Молчу. Мне нечего сказать этому уроду. Всадить Молоху нож в спину во второй раз — даже не ошибка. Это массовое убийство. Моей дочери, Володи. О себе стараюсь не думать сейчас. И так понятно, что ничего хорошего меня после такого не ждёт. Даже если Елисей простит меня и… Мысленно произнесла его имя впервые за столько лет и нутро затопило огненной лавой. Как же больно. Словно вернулась на десять назад. Туда, в здание суда, где услышала не только его приговор, но и свой. Я тоже была осуждена и понесла наказание. И если Молох выжил, чтобы вернуться и отомстить, то я погибла ещё тогда, на десятом заседании. Десять заседаний, десять лет. Десять минут до того, как я снова соглашусь его предать. Десять шагов вдоль стены в узкой клетке, как загнанное животное. Наверное, так же выхаживал в своей камере Елисей.

А ведь я ждала. Я ждала, что меня убьют. Ждала, что он пошлёт кого-нибудь в ту квартиру, где я пряталась несколько месяцев. Ждала, что вот-вот наступит расплата. И только спустя полгода поняла: он самолично свершит своё правосудие. Не позволит никому. Как не позволял раньше никому касаться меня, так и сейчас не позволит. Скорее всего, он знал, где я находилась все эти годы. Знал, как убегала, пряталась, переезжала с места на место. Не мог не знать.

— Ты моя. Всегда будешь моей. Если я решу, что готов тебя отпустить, тогда просто грохну. Потому что без меня тебя быть не может. Поняла?

— А если я убегу? — улыбаюсь, хотя должна ужаснуться от его слов.

— Не сможешь.

— Почему?

— Потому что я тебя чую. Ты всегда у меня под кожей. По запаху найду.

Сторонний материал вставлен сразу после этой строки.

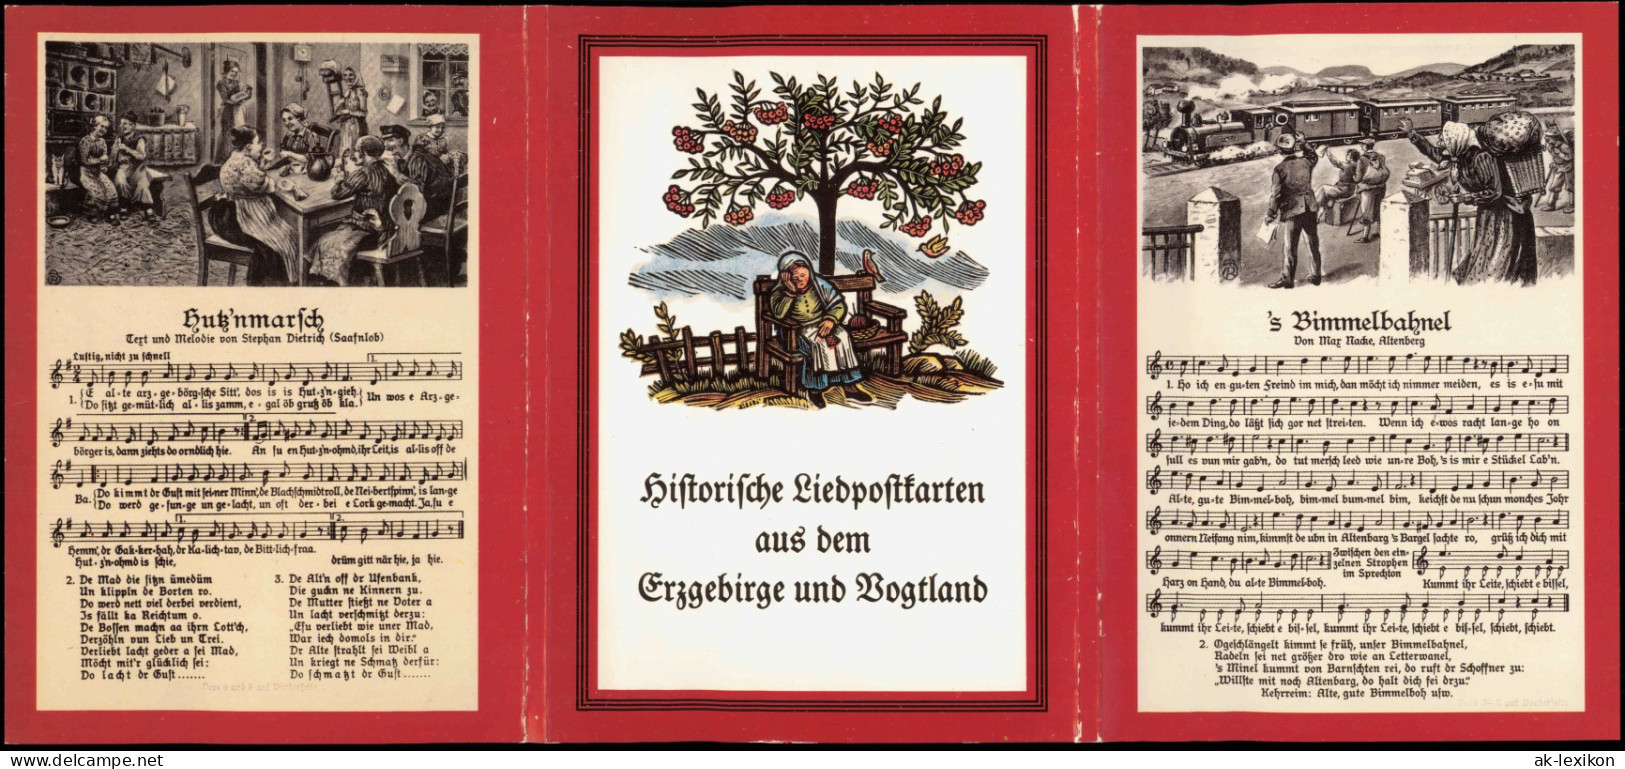 15 Historische Liedpostkarten Aus Dem Erzgebirge Und Vogtland
DDR 1989 - Musik

Он тогда не шутил. Молох вообще никогда не шутил. И выполнял всё, что обещал. Всегда.

Как бы тщательно я ни заметала следы, куда бы ни уезжала, но где-то в глубине души я всегда знала, что однажды мы встретимся. Что он вернётся по мою душу. По мою и Еськину.

Наверное, странно после такого-то предательства, но я ни разу не задумалась о том, чтобы сделать аборт. Когда узнала, что беременна, Молох уже отправился по этапу. Всё произошло настолько быстро, что я даже опомниться не успела. А потом была затяжная депрессия. Страшная своей необратимостью мысль, что я продала того, без кого сердце не хотело биться, буквально пожирала меня днём и ночью, не оставляя в покое ни на минуту.

Я помню тот день. Тест в дрожащих пальцах и солёные, разъедающие кожу слёзы. Как ревела, лежа на кафельном полу ванной, и звала его. Потом долгие месяцы становления, «выздоровления», как называла тот жуткий период психолог. Эта тупая баба думала, что лечит меня от депрессии, вызванной насилием со стороны бывшего любовника. Второй психолог, уже мужчина, заявил мне, что это зависимость. Что-то вроде алкоголизма или наркомании. Я тогда впервые услышала термин «Стокгольмский синдром». Такой же была и моя легенда на суде. И я, глядя ему в глаза, произнесла это вслух. Что он удерживал меня силой рядом с собой, что запугивал, избивал и насиловал. Что я была вынуждена наблюдать за тем, как он убивает людей.

Я лгала. На самом деле я знала, что он убийца почти с самого начала. Знала и принимала это. Потому что роднее него не было никого. И даже если бы кто-то был, я всё равно не отказалась бы от него. Так я думала до того дня, когда всё изменилось.

Я находилась под программой защиты свидетелей, но на самом деле защищать нужно было не меня от него. А его от меня и так называемого друга. Смешно и грустно одновременно, самым страшным чудовищем оказался не киллер, а его «жертва».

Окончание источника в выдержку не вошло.